“Babalawo” is wrong: Abiku is not a “spirit child” but a genetic disorder

By Jessica Ahedor

Tema, Ghana -“Gbelornu” confirms his name as a result of the phenomena. “My mother said we were six boys, but five of them died a few days and months after birth. And they gave me this name with the belief that I will be unattractive to death. But I changed my name while growing up”, he said.

“Abiku” and “Dzikuidzikui” are common terms used in typical African traditional settings used to describe the ‘unknown’ phenomenon of recurring premature deaths in children born by the same mother. When the couple are lucky, one of such children survives but with an abnormality. The occurrence usually fuels the belief that the surviving child is either a “spirit child” or predestined to die, or their mother is tagged as a witch and accused of sacrificing her babies to a deity or witches’ coven.

The surviving child is eventually given the name “Abiku ” in Yuroba tribe, while among the Ewes in Southern Ghana, the child is called by names of things deemed unhealthy with the belief of making the child unattractive to death.

Adebowale et al. suggest that “as joyful as it is to have a child, these children bring untold hardship and pain to their parents and even sometimes repeat the painful process”. Traditional medicine men or native doctors are consulted for names and tribal marks to prevent the child from dying.

But ignorance of the root causes of genetic diseases has made African societies suffer the plight of infant mortality for decades. Discovering genetic conditions in the past was difsficult for scientists until the early 2000s when the human genome was successfully sequenced. “Abikuism” dealt with African settings because of low technological development to unravel hereditary traits in children. They blamed disease conditions that are hereditary on all sorts of superstitions.

However, the four scientists honored with the 2022 Kavli Prize in Neuroscience for discovering the genes responsible for a range of brain disorders are the answers to the age-old superstition associated with some of these genetic conditions like ataxia- Abiku or Dzikuidzikui, epilepsy- Dzanyigblo, Fragile X syndrome and autism in Africa.

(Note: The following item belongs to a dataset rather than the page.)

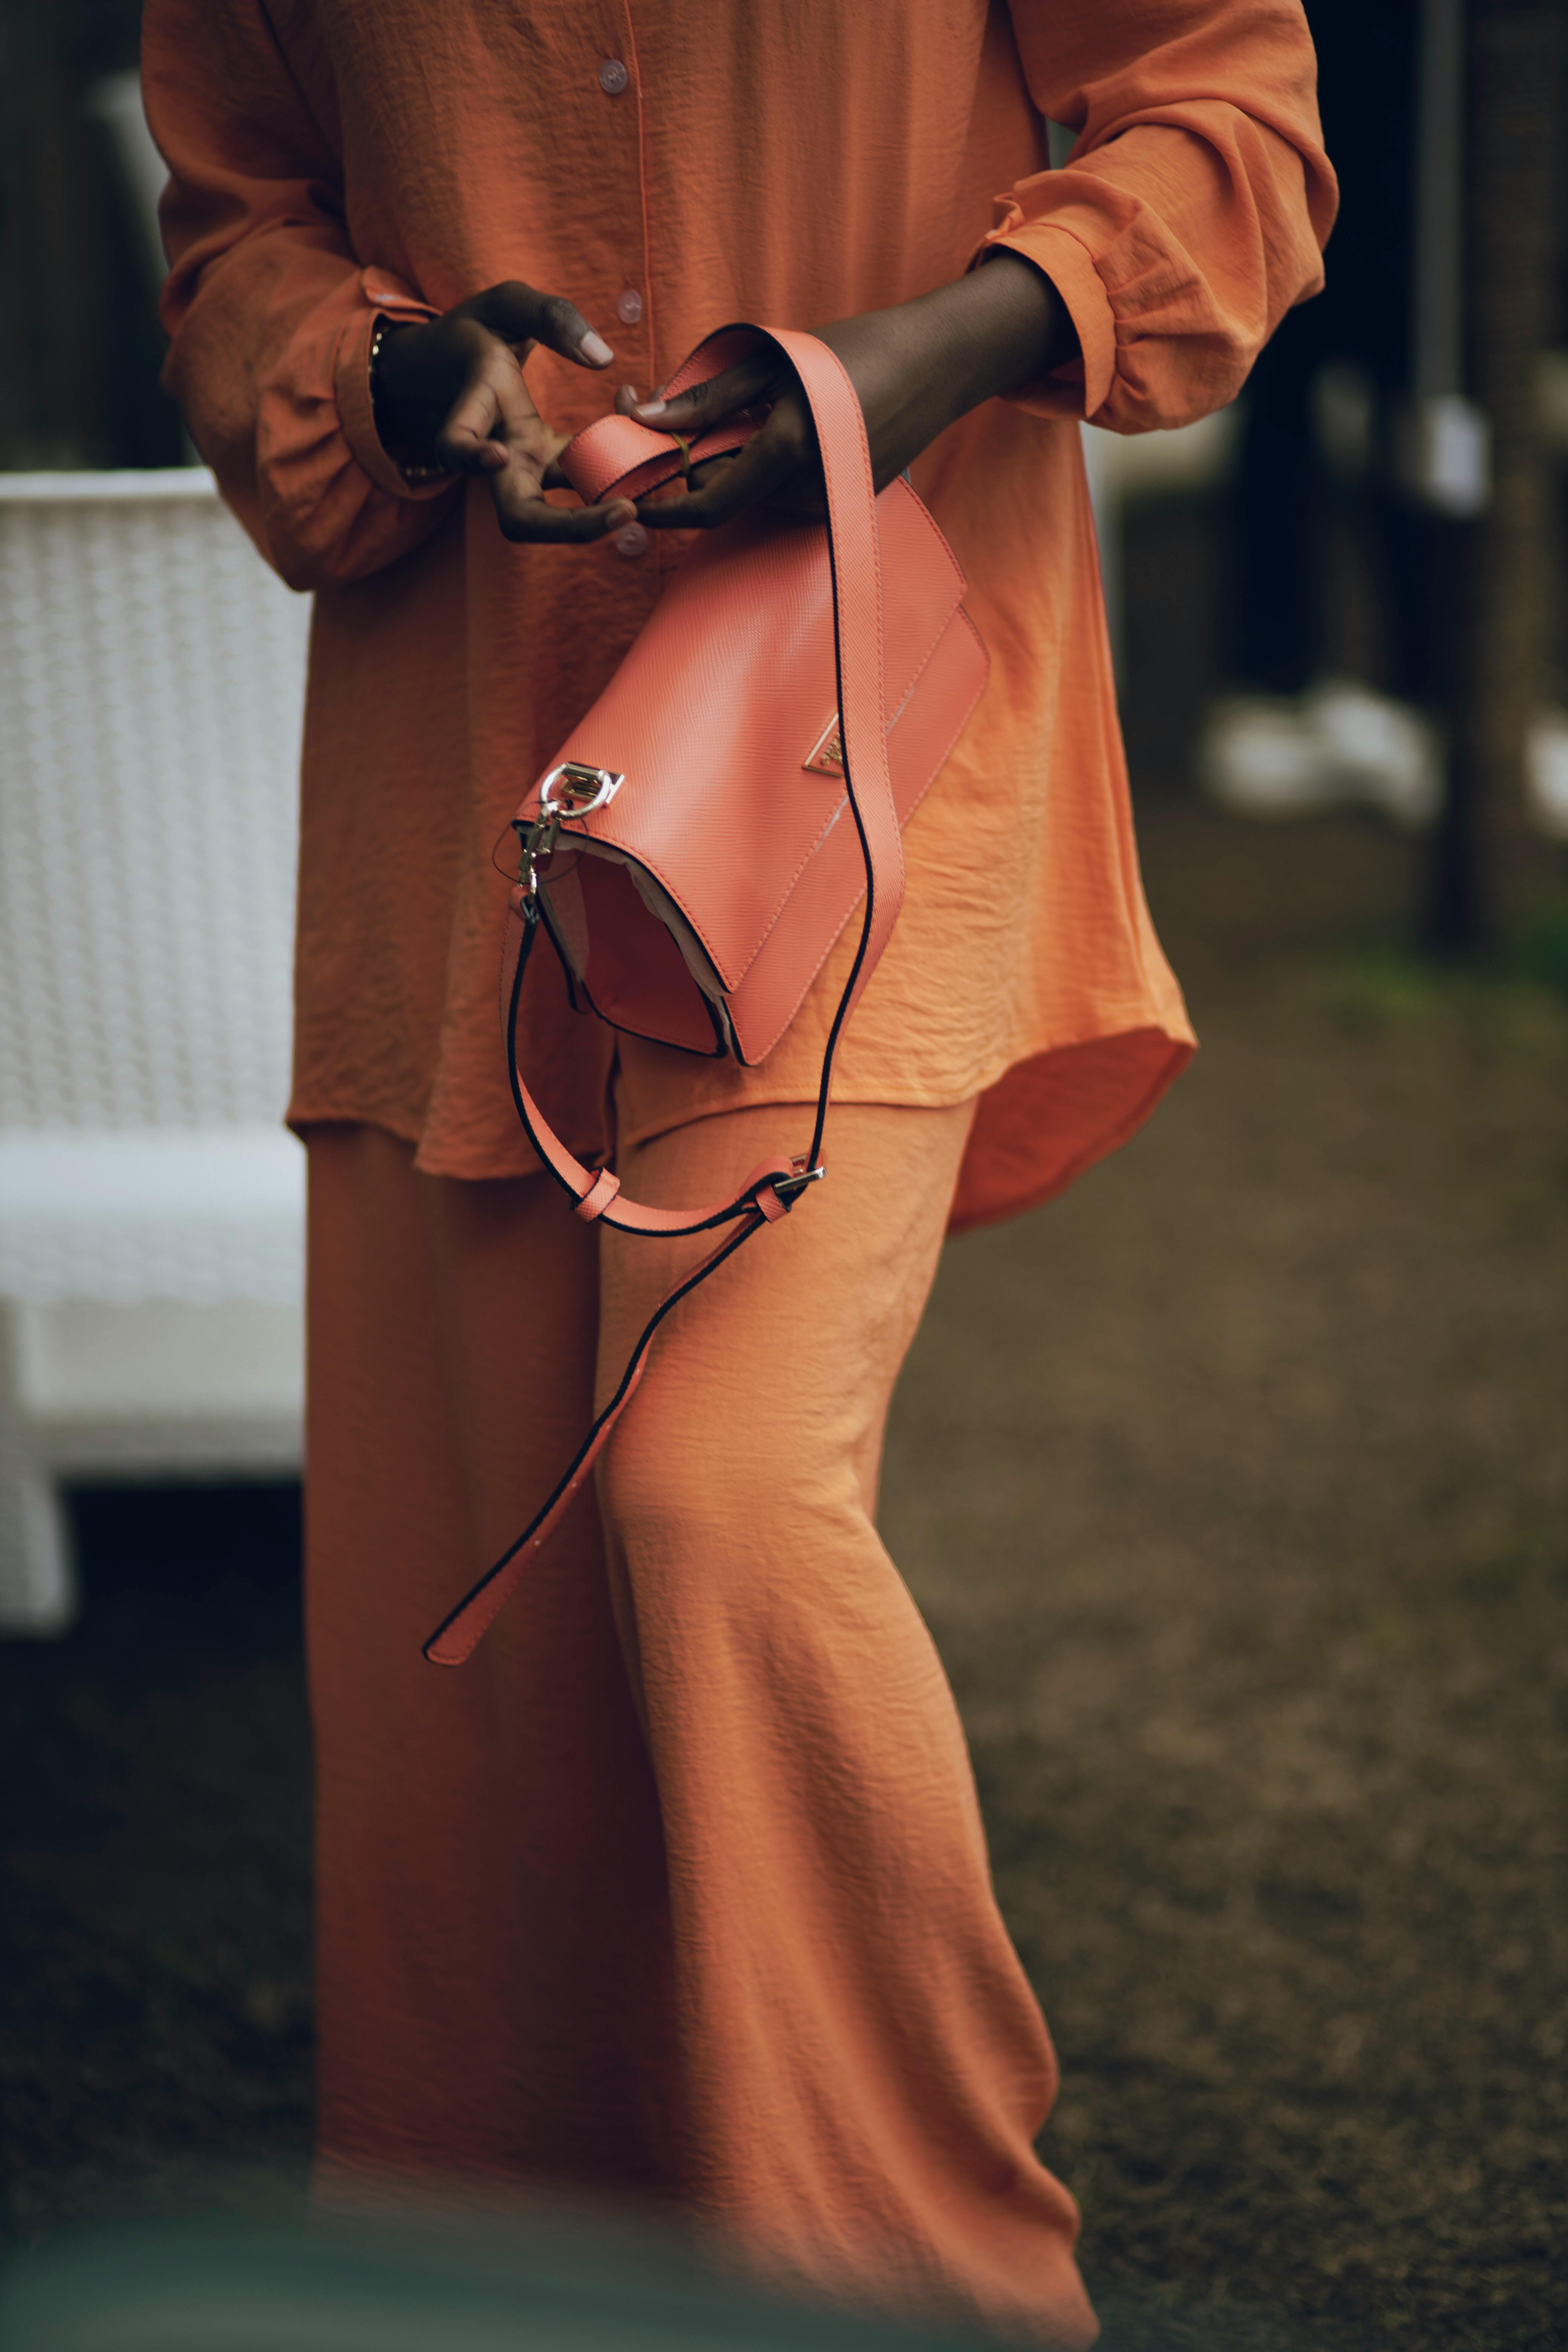 Miranda Kerr is a neon beauty in pink and orange dress at Paris Fashion Week

Jean-Louis Mandel, Harry T. Orr, Huda Zoghbi and Christopher Walsh used their blueprint in neuroscience to establish how neurological disorders begin and develop from gene to protein and later to disease conditions.

For Mandel, he set out to establish a shortcut for the mutations that cause hereditary diseases, using what is called the X chromosome. After Eight years, in 1991, he discovered an unusual mutation in a gene on the X chromosome that causes Fragile X syndrome- an inherited form of intellectual disability and autism. The mutation wasn’t a simple change of a letter in the DNA sequence; it was a string of triple-letter repeats that disrupts the gene called Fragile X Messenger Ribonucleoprotein 1 (FMR1), Mandel said in an interview on the sidelines of the Kavli Prize Week in Oslo.

Mandel also shows that the manifestation of the fragile X syndrome depends on epigenetic modifications at certain sites in the FMR1 gene, which has improved diagnosis today. “The discovery [of repeat expansions] raised great interest in human genetics, and particularly in neurology because these were important diseases for which people had no clues about their causes,” says Mandel.

Today, “unstable repeat expansions” are recognized as a common disease tool responsible for over 50 genetic disorders, some of which were evidenced they could do earlier but little about them, Mandel added.
The degeneration of neurons causes disorders like Spinocerebellar ataxia 1 (SCA1), in the cerebellum. Zoghbi and Orr observe a similar repeat expansion that causes SCA1. They jointly uncover the mechanism: the mutation causes proteins to misfold and clump together in cerebellar neurons, eventually leading to their death.
Zoghbi began her career, wanting to solve the mystery behind Rett syndrome- an autism-like, rare genetic neurological disorder in young girls that made them progressively lose their motor skills and language. Unlike Fragile X syndrome and SCA1, Rett syndrome isn’t hereditary, making it difficult to find out the gene responsible.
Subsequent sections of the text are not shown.